В самый разгар вдохновенных примериваний, когда голова начинала идти кругом от бумажных радуг, танцевавших перед глазами, в магазине появилась Лиза. У неё было поручение от матери к Меркурию Авдеевичу, и он велел подождать, пока занимается с покупателями. Она прошла к кассе и развернула на прилавке газету. Ей было всё равно, что читать — фельетон о проделках рыбопромышленников, дебаты в городской управе, хронику навигации, — все слова были для неё равнозначны. О чем бы они ни говорили, она видела за ними только своё несчастье. Рука её перевёртывала страницу, когда взгляд ещё не отделился от недочитанных строчек, а потом она, как к новому, возвращалась к тому, что уже прочитала.

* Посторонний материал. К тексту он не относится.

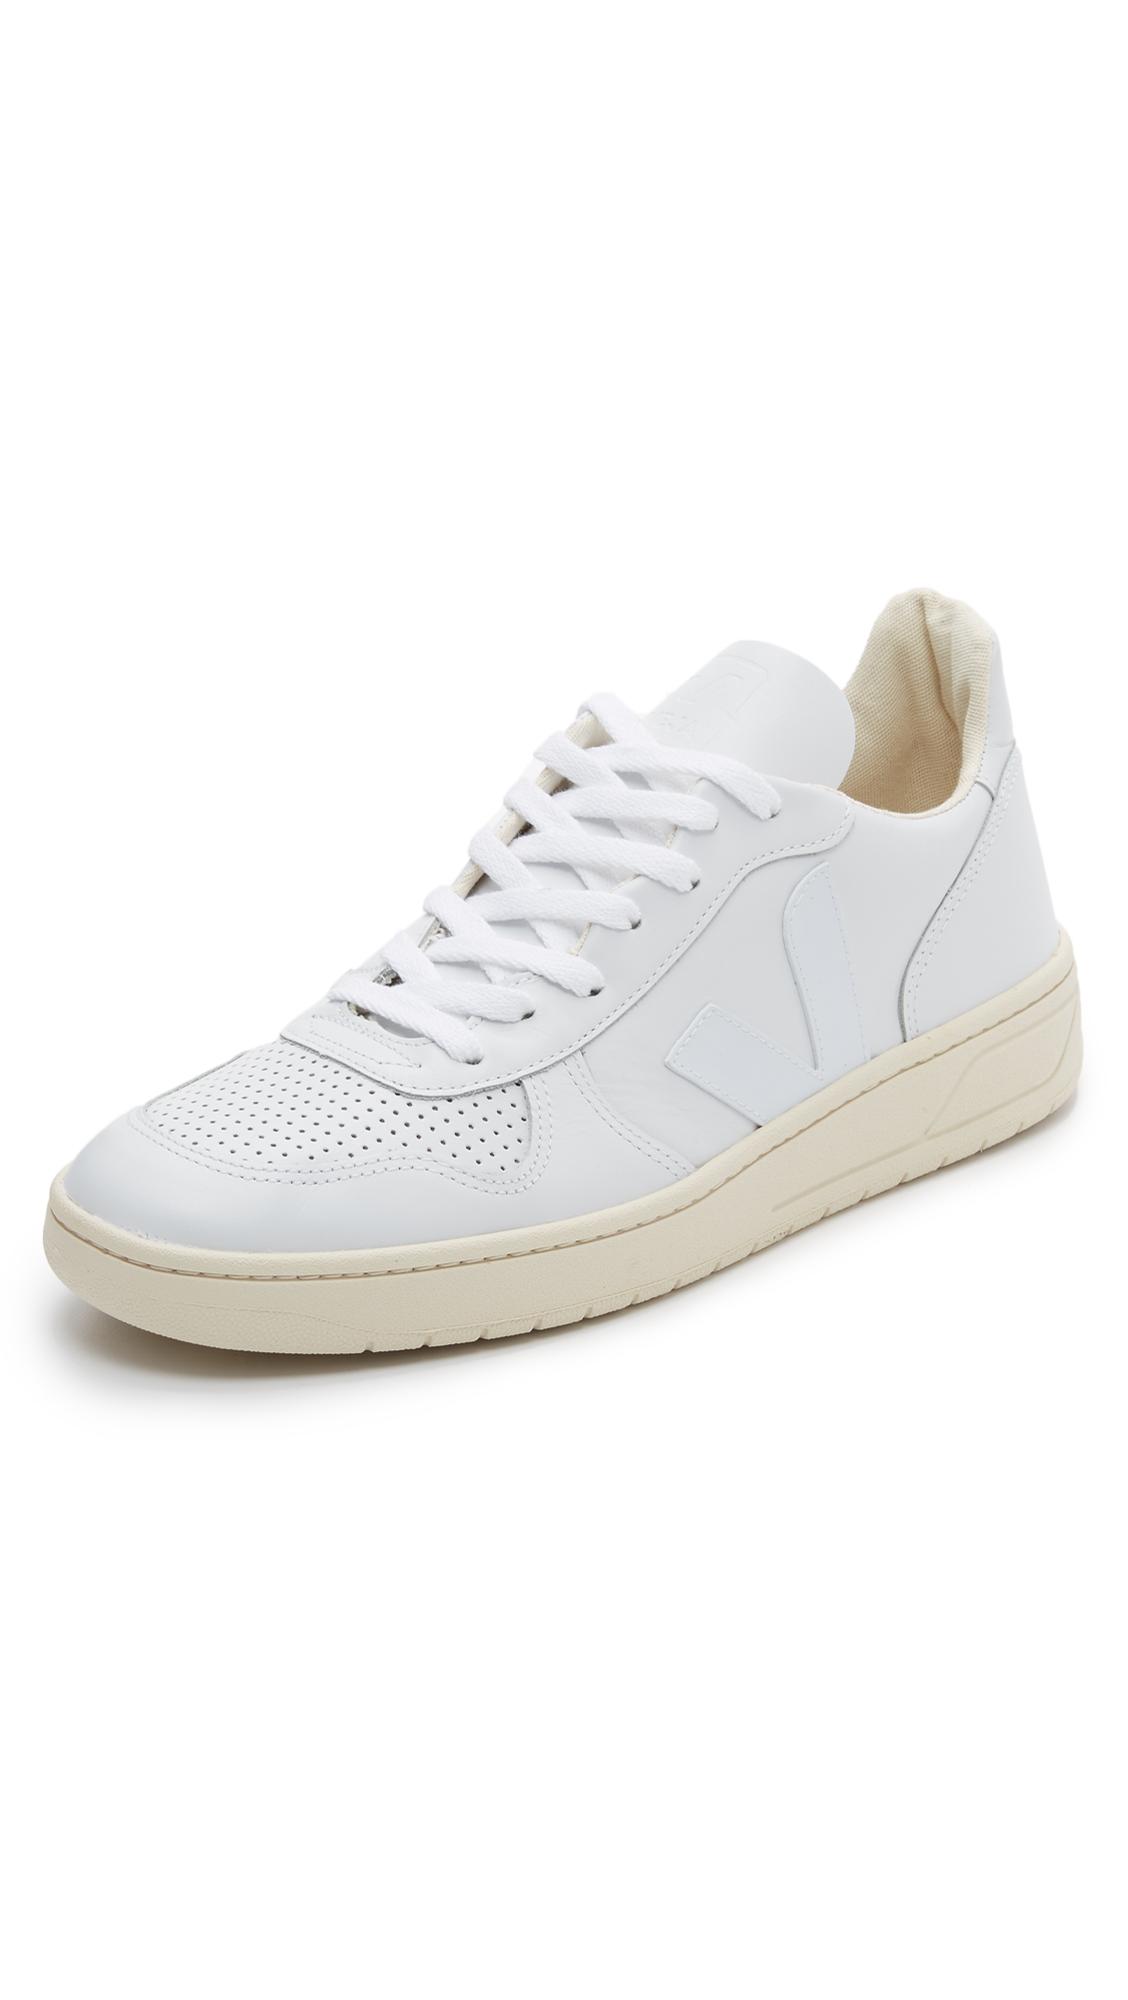 VEJA V-10 Rubber-Trimmed Leather Sneakers - White

И вот с момента её появления оказался в магазине ещё один человек, который думал не о том, что делал. Рулоны бумаги продолжали шелестеть и раскатываться, приказчик переставлял лесенку и лазил по полкам, Меркурий Авдеевич любовался своим ораторством, а для Виктора Семёновича уже не было ни панелей, ни плафонов, ни бордюрчиков: из всех мыслимых видов бумаги его привлекала только газета, переворачиваемая на прилавке тонкой неторопливой рукой. Он встал, чтобы удобнее смотреть на Лизу, и поддакивал Меркурию Авдеевичу совершенно невпопад. Взвинчивая усики (у него росли белые колечки над уголками губ, а под носом было ещё пусто), одергиваясь и слегка посучивая ножками, он все ждал, что Лиза подымет глаза, в которые он успел окунуться, когда она разговаривала с отцом. Но она не отрывалась от газеты, и позже, вспоминая эту внезапную встречу, Виктор Семёнович признавался, что его поразило противоречие между образцом девичьей прелести, каким сразу представилась ему Лиза, и её противоестественным интересом к мужскому занятию газетой. Если бы он мог заговорить, он, конечно, прежде всего спросил бы — что же такое замечательное вычитывает она из газеты? А если бы Лиза услышала этот вопрос, она, наверно, изумилась бы, — да разве я читаю газету? Если бы на место красноречивого Меркурия Авдеевича вдруг стала бы Лиза, то ей довольно было бы промолвить: вот славненькие обойчики! — и Виктор Семёнович немедленно обклеил бы этими обойчиками все свои комнаты. Но она так и не посмотрела на покупателей, а, наскучив дожидаться, исчезла где-то в другом конце лавки.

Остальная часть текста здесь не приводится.